Task goal
The task for the listing below is to write out exactly the lines starting at the one containing "Retour Denim polo Lucas oranje, Oranje" and ending at the one containing "PINES ON A BEACH", both included. Pictures are to be omitted.

Given data
****************************************

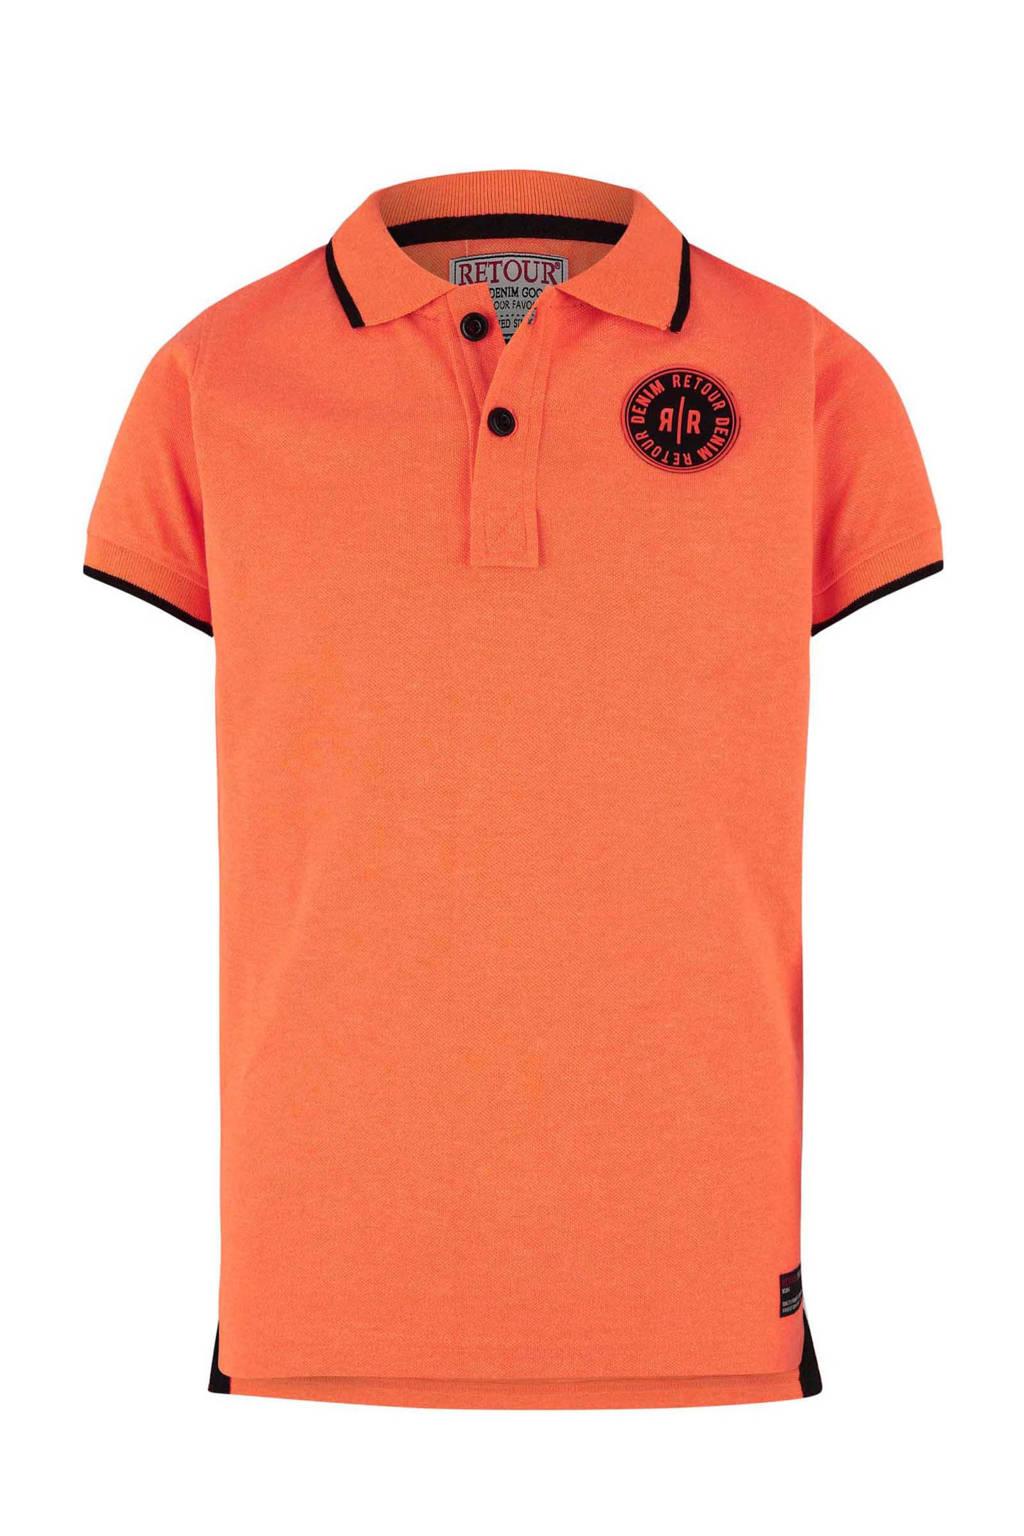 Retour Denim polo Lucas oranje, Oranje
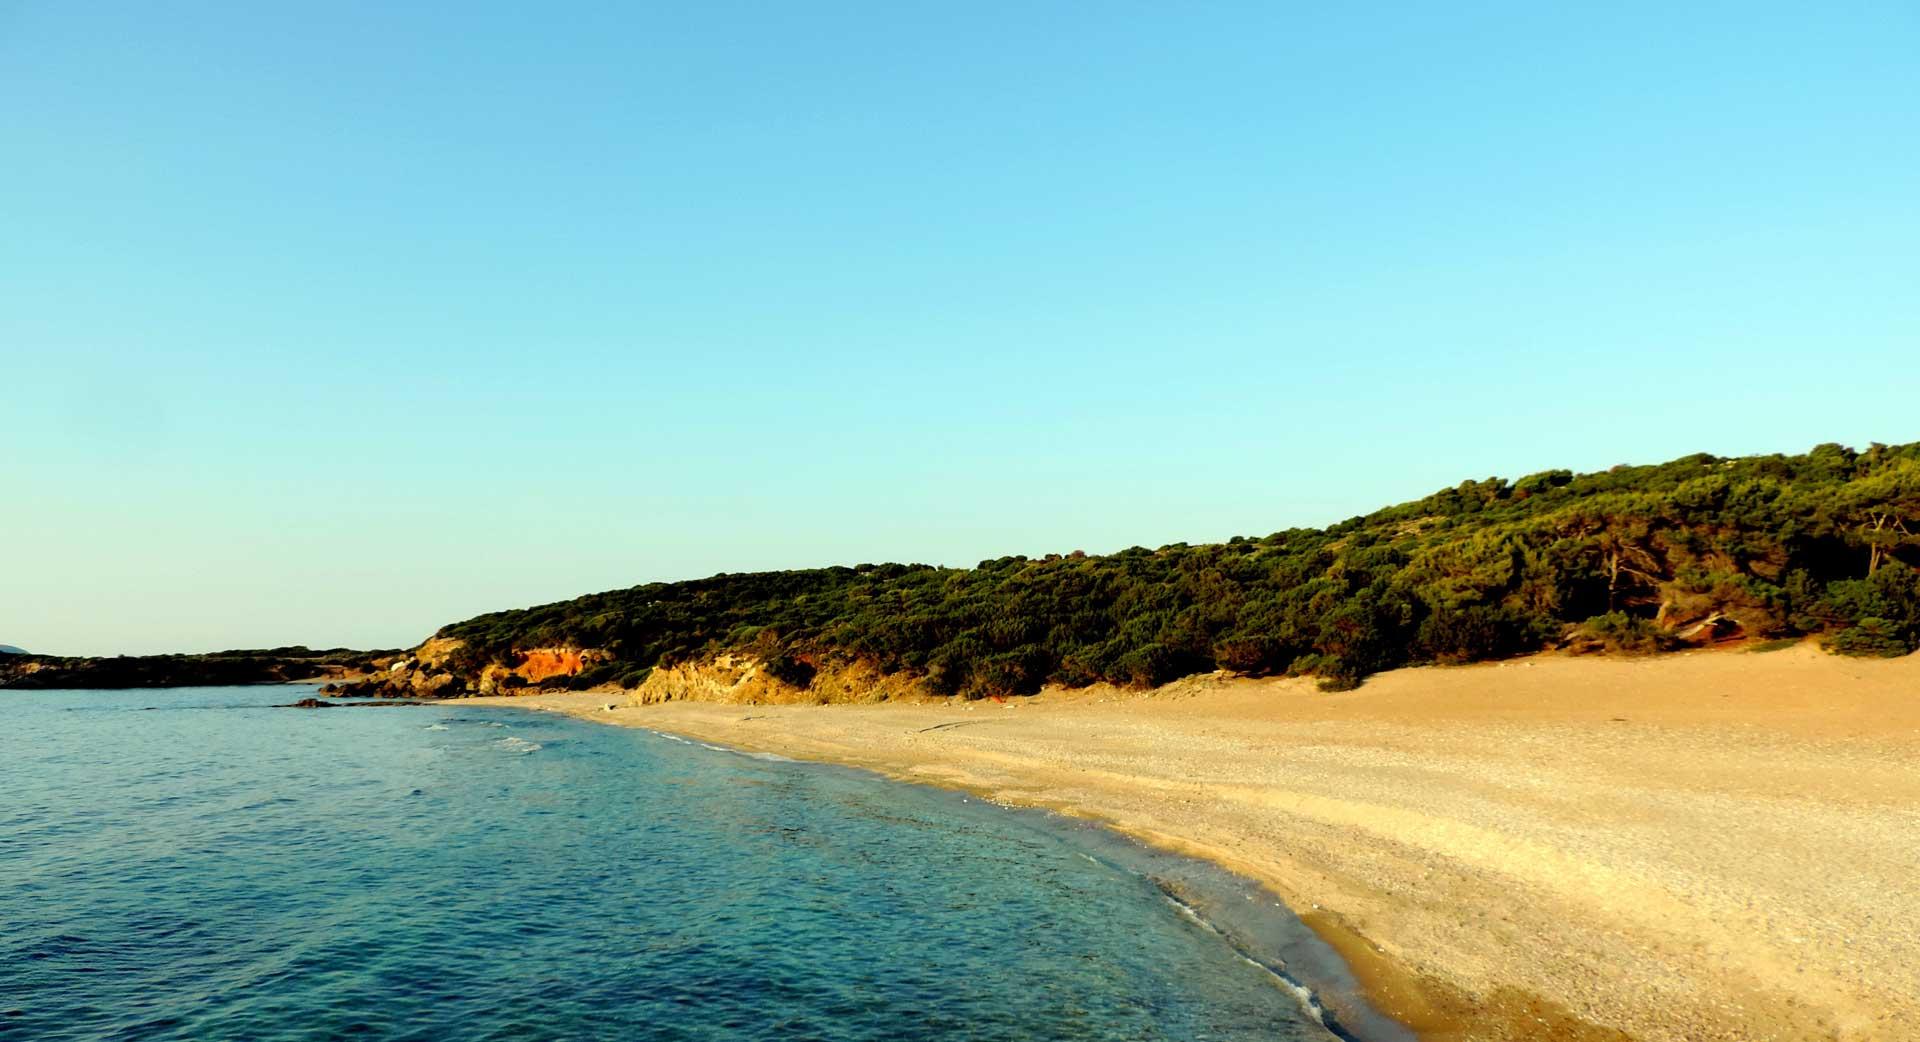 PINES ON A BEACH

****************************************

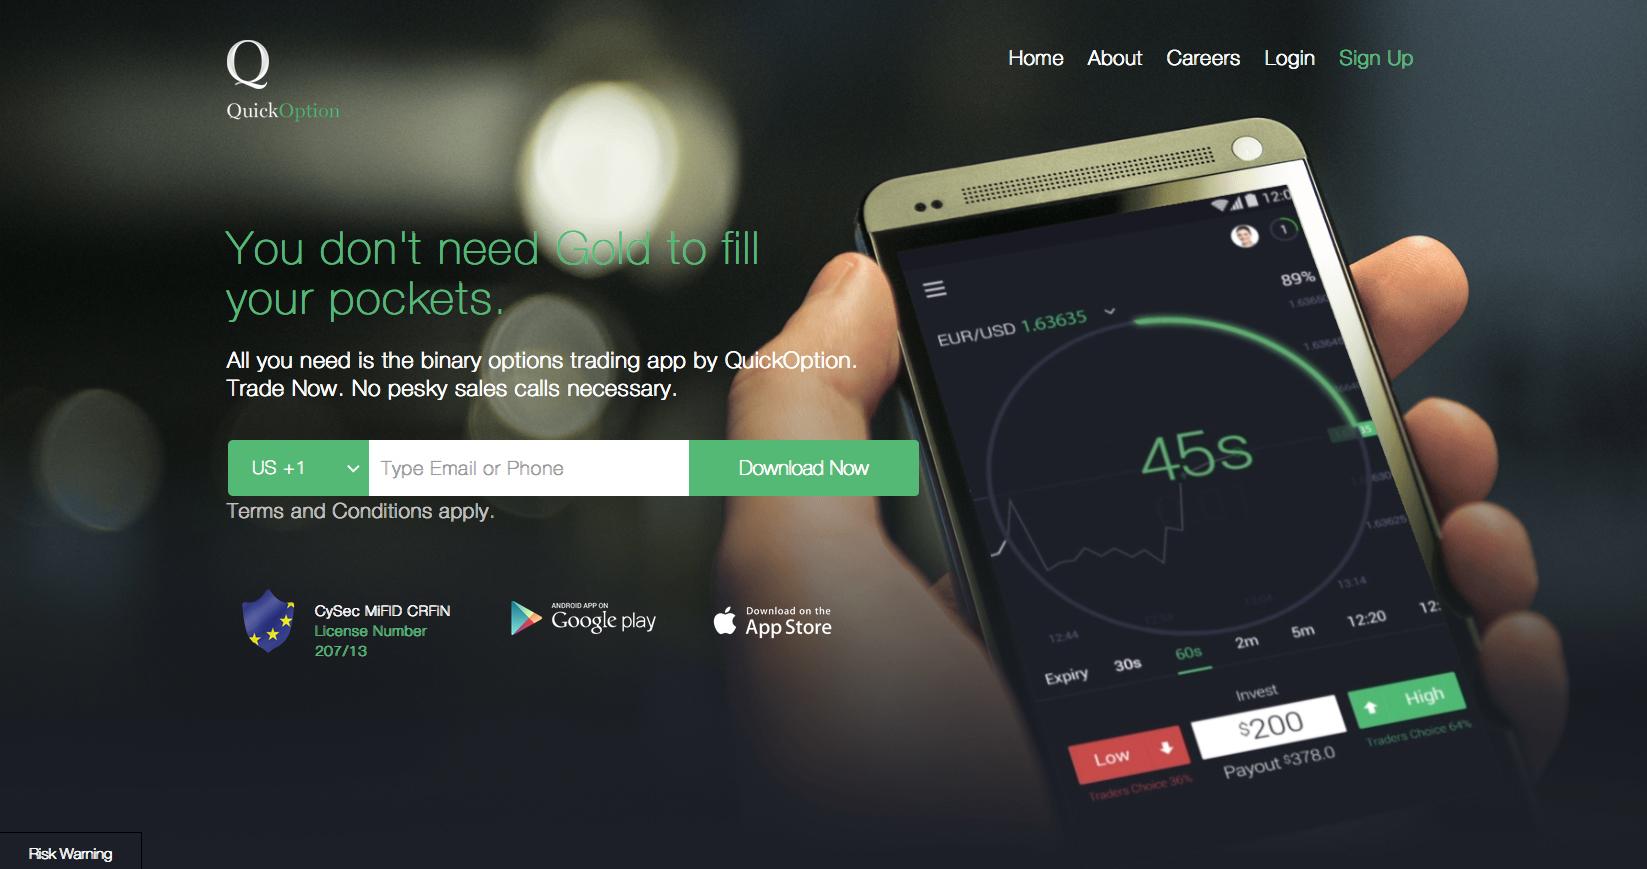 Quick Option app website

****************************************

Response area
 Retour Denim polo Lucas oranje, Oranje
 PINES ON A BEACH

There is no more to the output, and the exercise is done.